Among his film credits are the incidental music for "All the President's Men," "Norma Rae" (which won him an Oscar for "It Goes Like It Goes"), "The conversation" and "Saturday Night Fever."
"I spend half my time here in New York and half my time in Los Angeles," he says. "Every other month I'm here or there. All the television movies and (theatrical) movies are produced in Los Angeles and done there. All the theatrical writing is done in New York. It tends to shake down that all my income comes from the West Coast -- it's like my Rockefeller grant for the theatrical stuff.
"Writing for the theater is like doing foreground music as opposed to background music, which is what I do for television and films. A healthy mix is to do both. Often movie and TV scoring calls on different muscles, and in some cases calls for more. It's more adventuresome, composing in terms of dissonance and electronics. The movie and TV end tends to be faster deadlines, while for the theater you do it when you're ready.
"Occasionally a movie or television will demand something different from your natural bent. For 'Brewster Place,' I was surprised they asked me. The cast was all black and Oprah Winfrey was the producer. I felt it would go to Quincy Jones or Herbie Hancock, but they felt I could contribute something to it emotionally.
"To do it, I did research in gospel music and wrote a gospel score. It was most worthy in terms of personal growth because it took me places I wouldn't ordinarily go. For 'Monkeyshines,' the George Romero horror picture, the cues used ethnic percussion and electronics and that drew on muscles I can't flex in theater."
He's finding a different sort of challenge in one of his current projects, writing a score for an adaptation of Joseph Heller's novel "God Knows," with Joseph Stein, who wrote the book for the musical "Fiddler on the Roof," and lyricist Barry Harman, who did "Romance, Romance" on Broadway last year.
"It's biblically based," Shire proposes, "but it's 19th century based, so it wouldn't get as dissonant as if it was modern. On the other hand, it isn't easy writing something fresh in those styles and telling it in a contemporary tone of voice. It's very post-modern, isn't it, taking old styles, making a comment on them and refreshing them.

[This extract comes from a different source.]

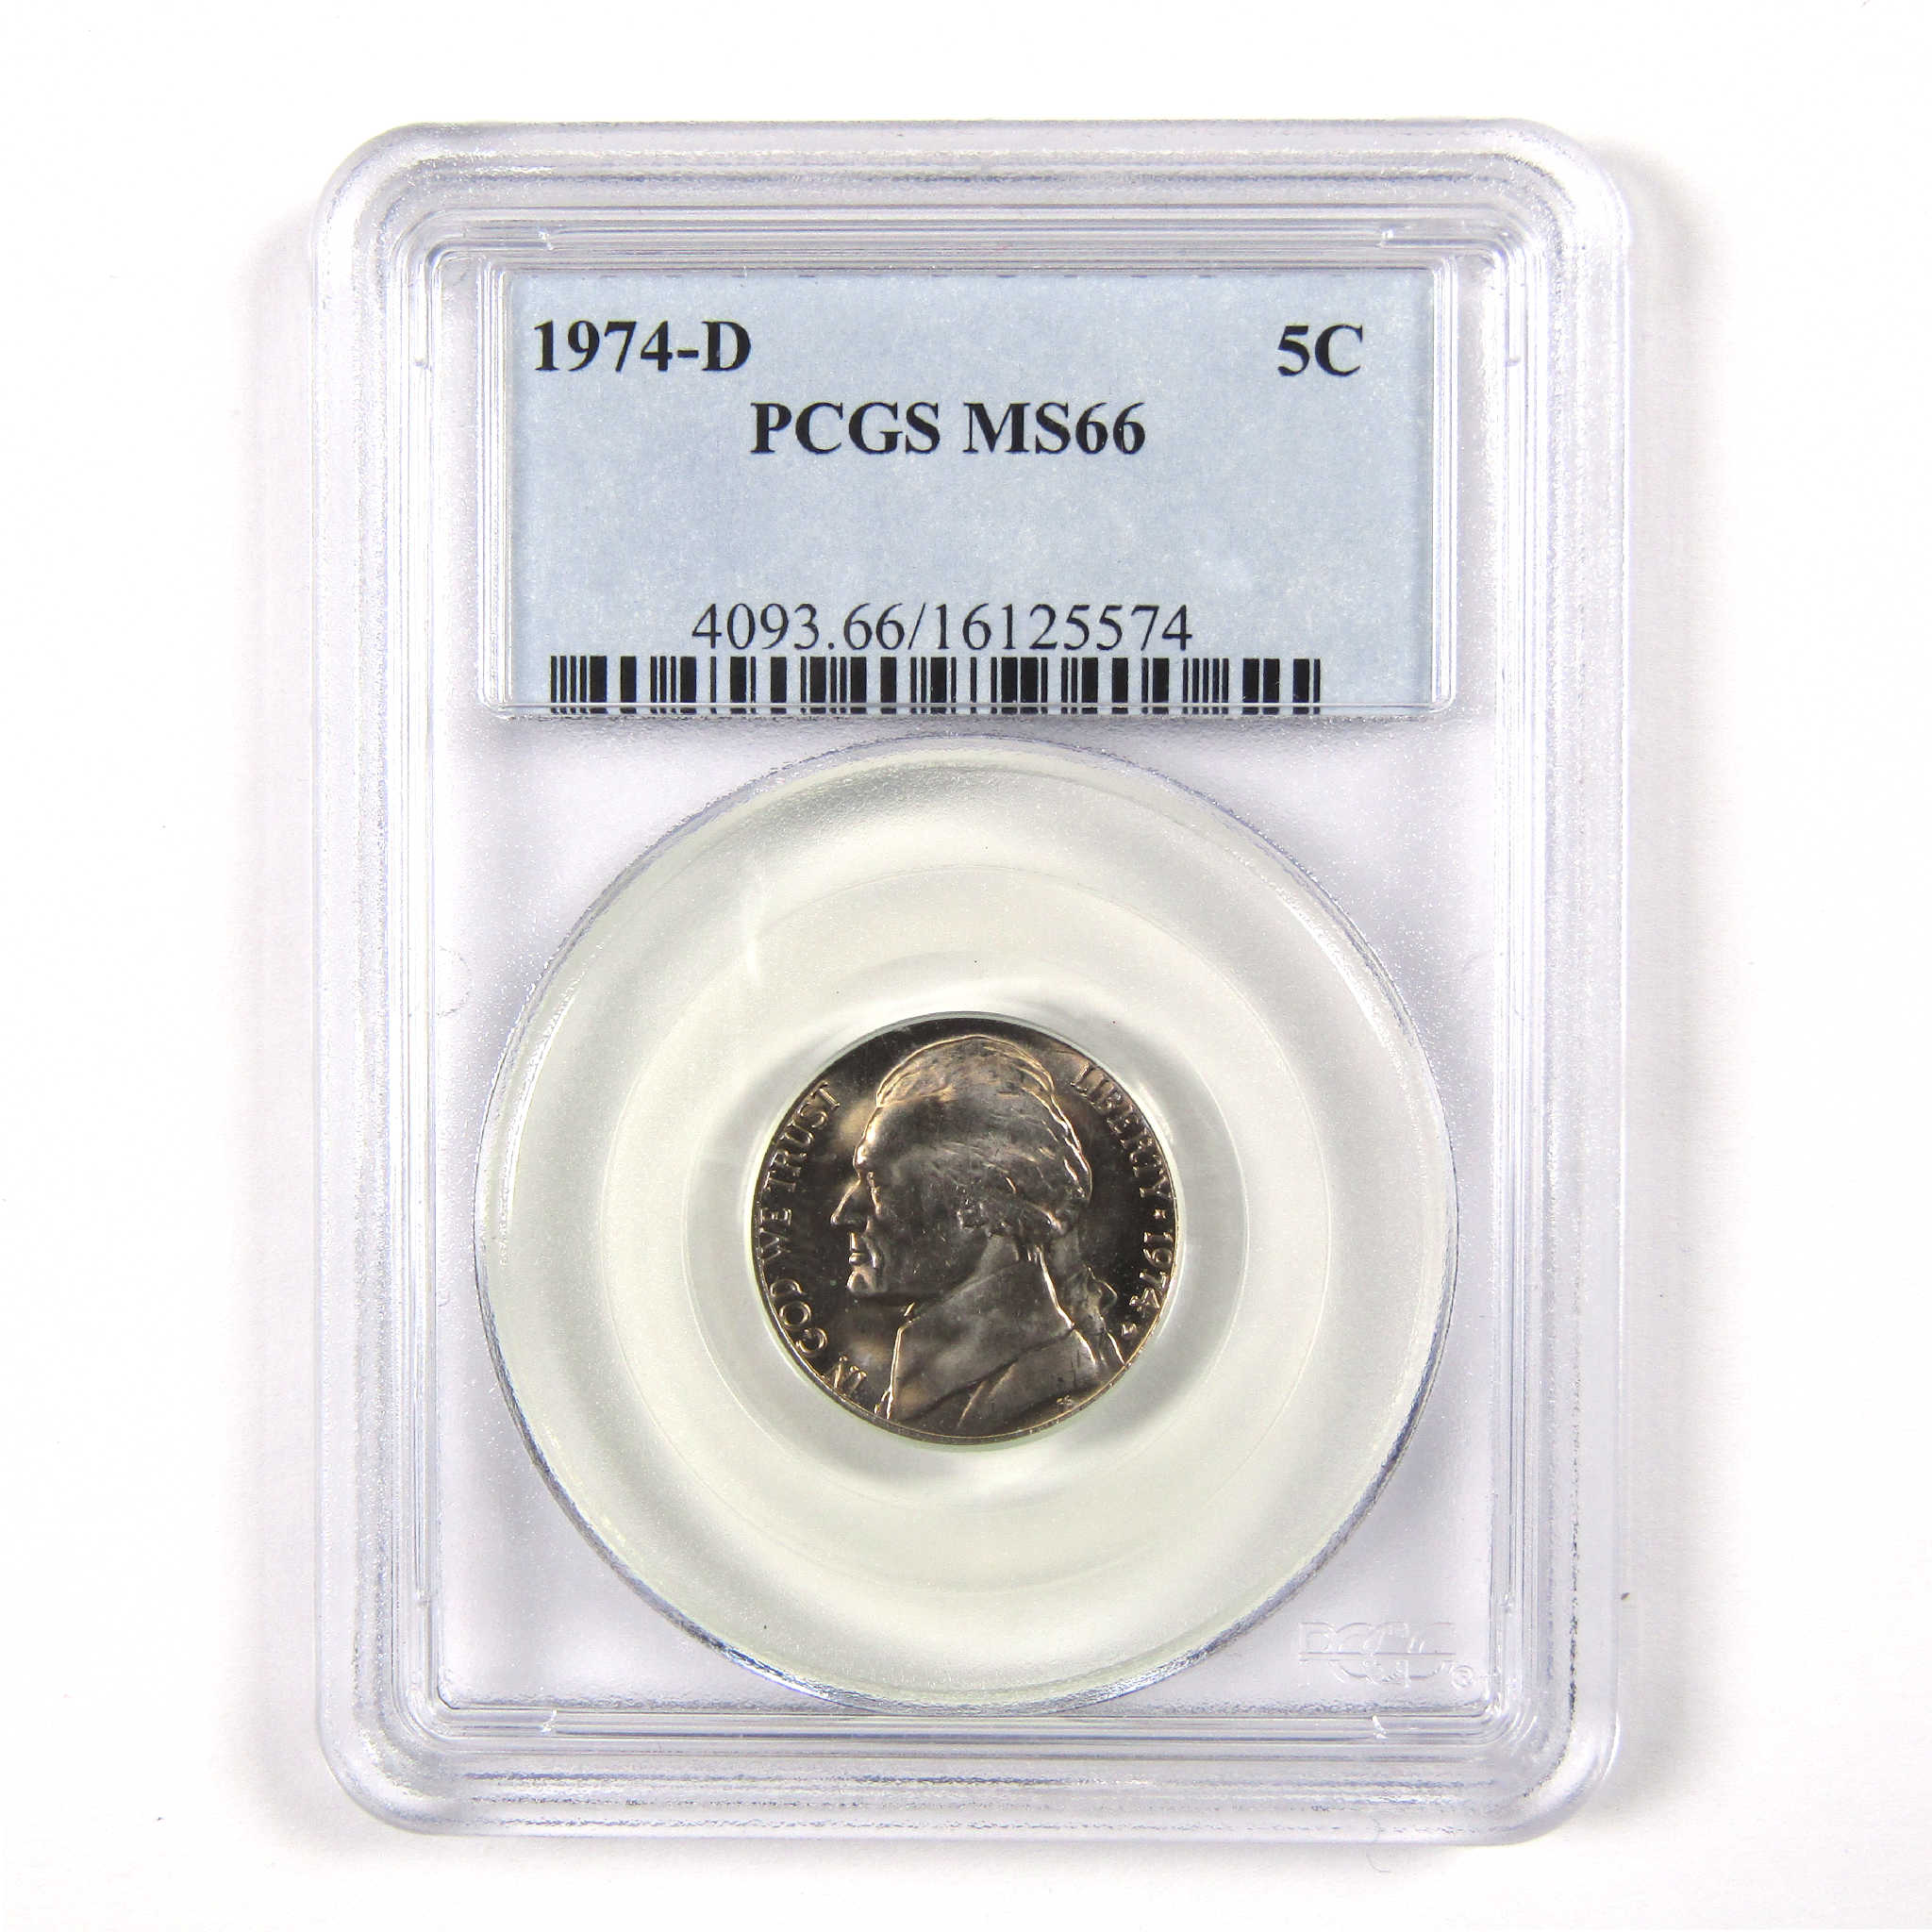 1974 D Jefferson Nickel MS 66 PCGS 5c Uncirculated Coin SKU:CPC5465

"For me, the work is sitting at the piano and wearing out your jeans, sitting there until the ideas come. Usually I walk around and think of general approaches, but the real work starts when I sit at the piano and improvise on a piece of music I'm trying to write.
"For 'My Name Is Steven,' I needed a simple childlike pop melody. In two weeks, I made maybe 15 attempts at it. I played through them all, winnowed them down to two or three and then one started coming around."
Shire admits to being something of a workaholic. A vacation is a rarity for him, though last summer his wife -- actress Dee Dee Kahn, currently appearing in public television's "Shining Times Station" and best-known for her part in the television series "Benson" -- persuaded him to take some time off. He traveled to Israel with his 13-year-old son, Matthew (who was the original inspiration for "Baby"), and then simply relaxed in Maine.
"It scared me how much I loved it," he remarks, "but when I started writing again last fall it was easier. You have to take a break every now and then. This business is very demanding and you get used up very fast."
To simply lean back and get away from music goes against his nature, however. Consider his father, 79-year-old Buffalo bandleader Irving Shire.
"He refuses to say he's retired," Shire says. "He's still got a job booked for next month."